◆ Source material ◆
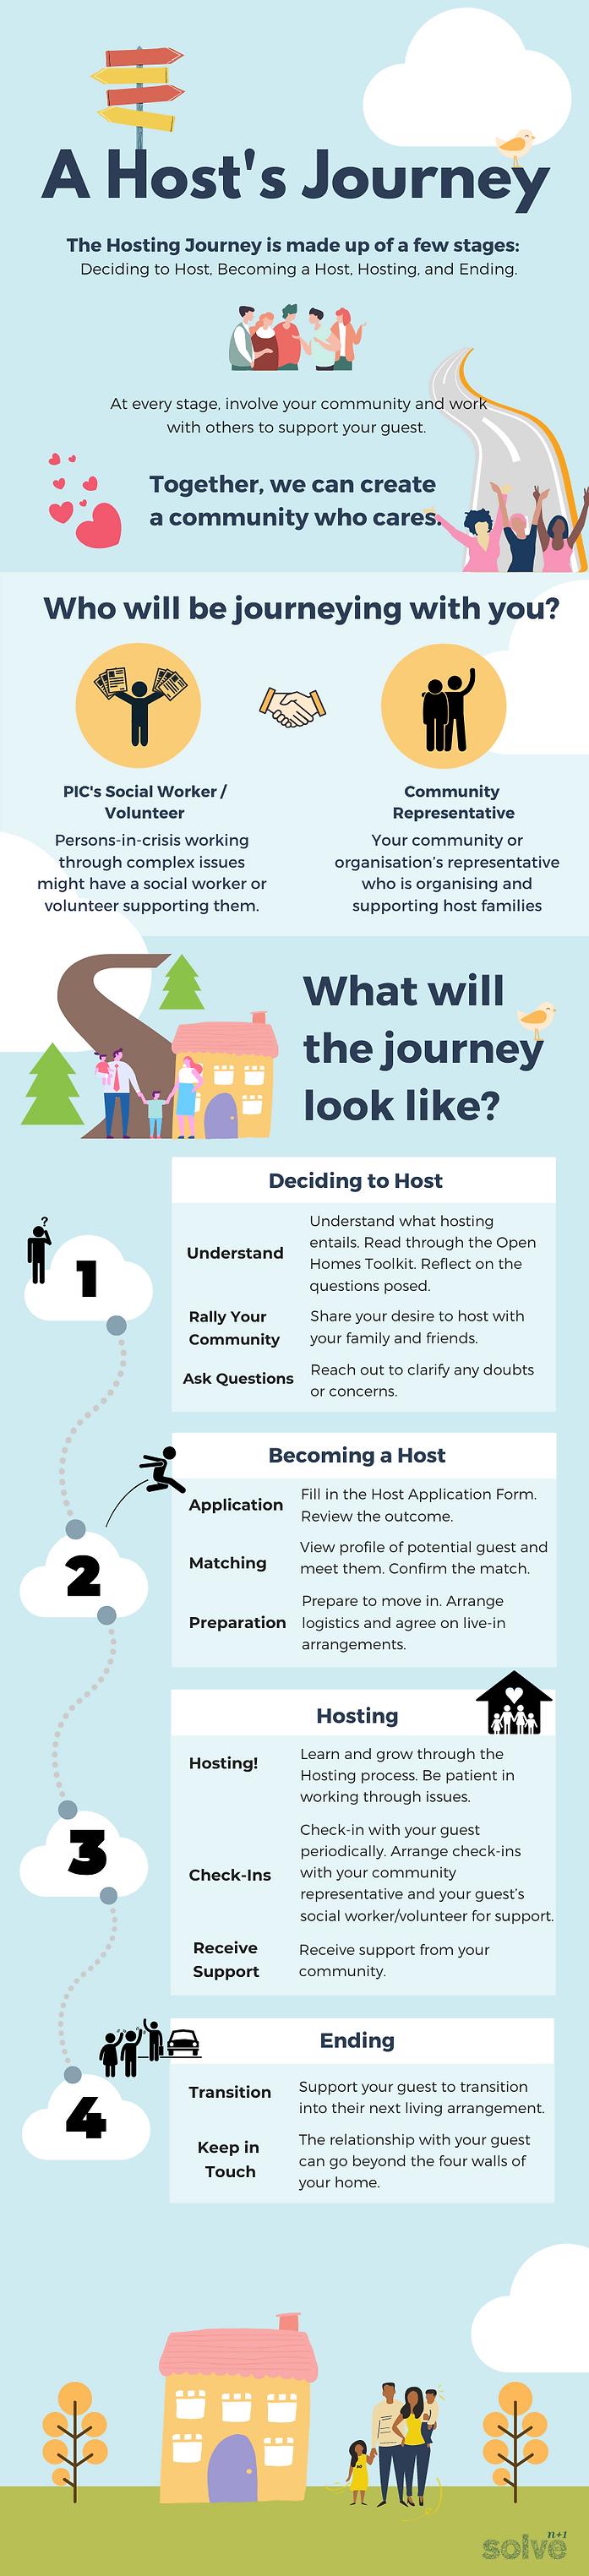 A Host's Journey v2.png
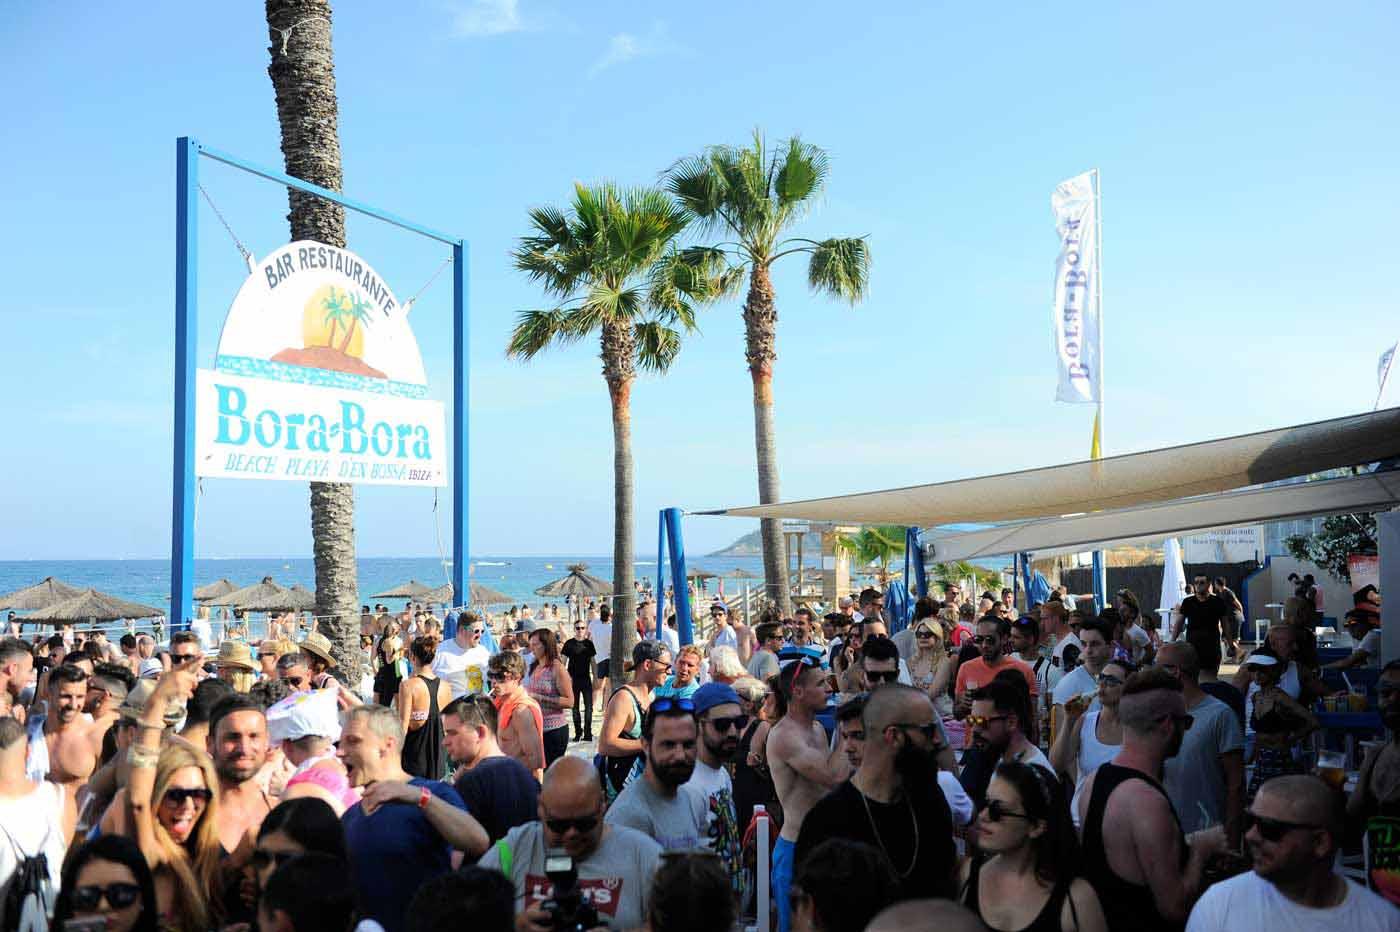 Dos días para celebrar la apertura de Bora Bora
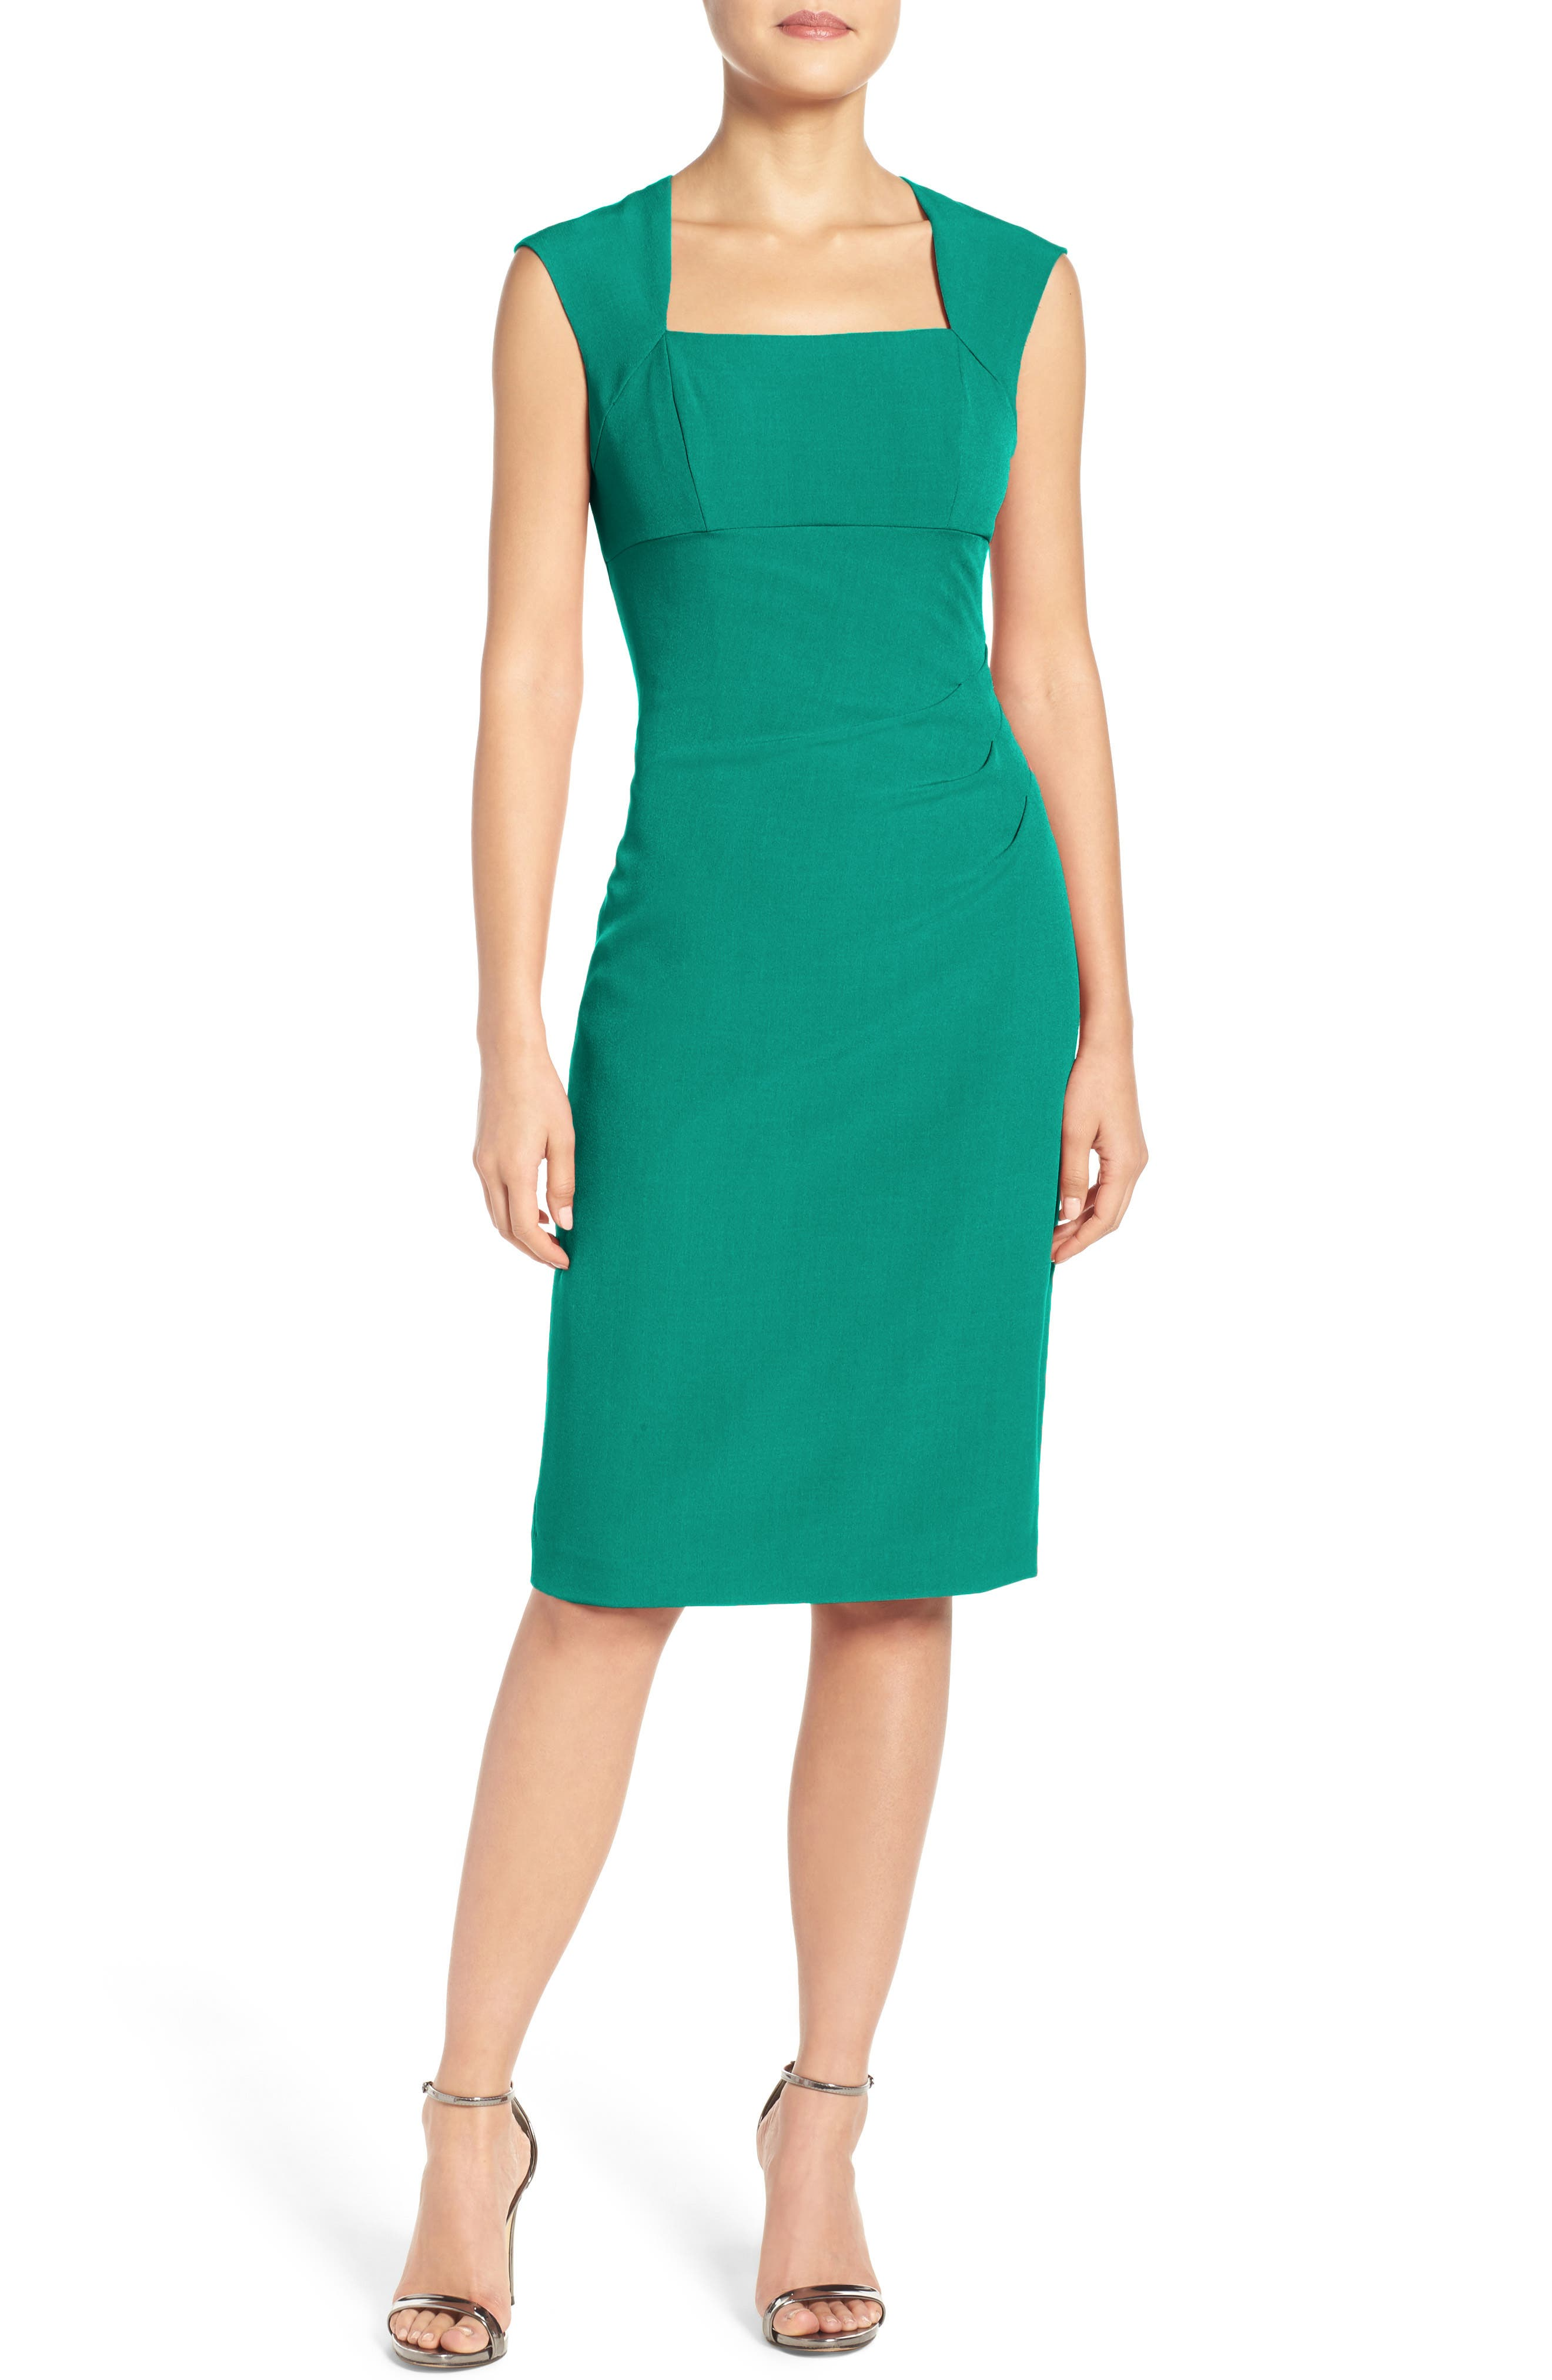 Alternate Image 1 Selected - Adrianna Papell Pleated Sheath Dress

◆ Task requirements ◆
Would you set down the material exactly as it stands, without the pictures?

◆ Final answer ◆
 A Host's Journey v2.png
 Dos días para celebrar la apertura de Bora Bora
 Alternate Image 1 Selected - Adrianna Papell Pleated Sheath Dress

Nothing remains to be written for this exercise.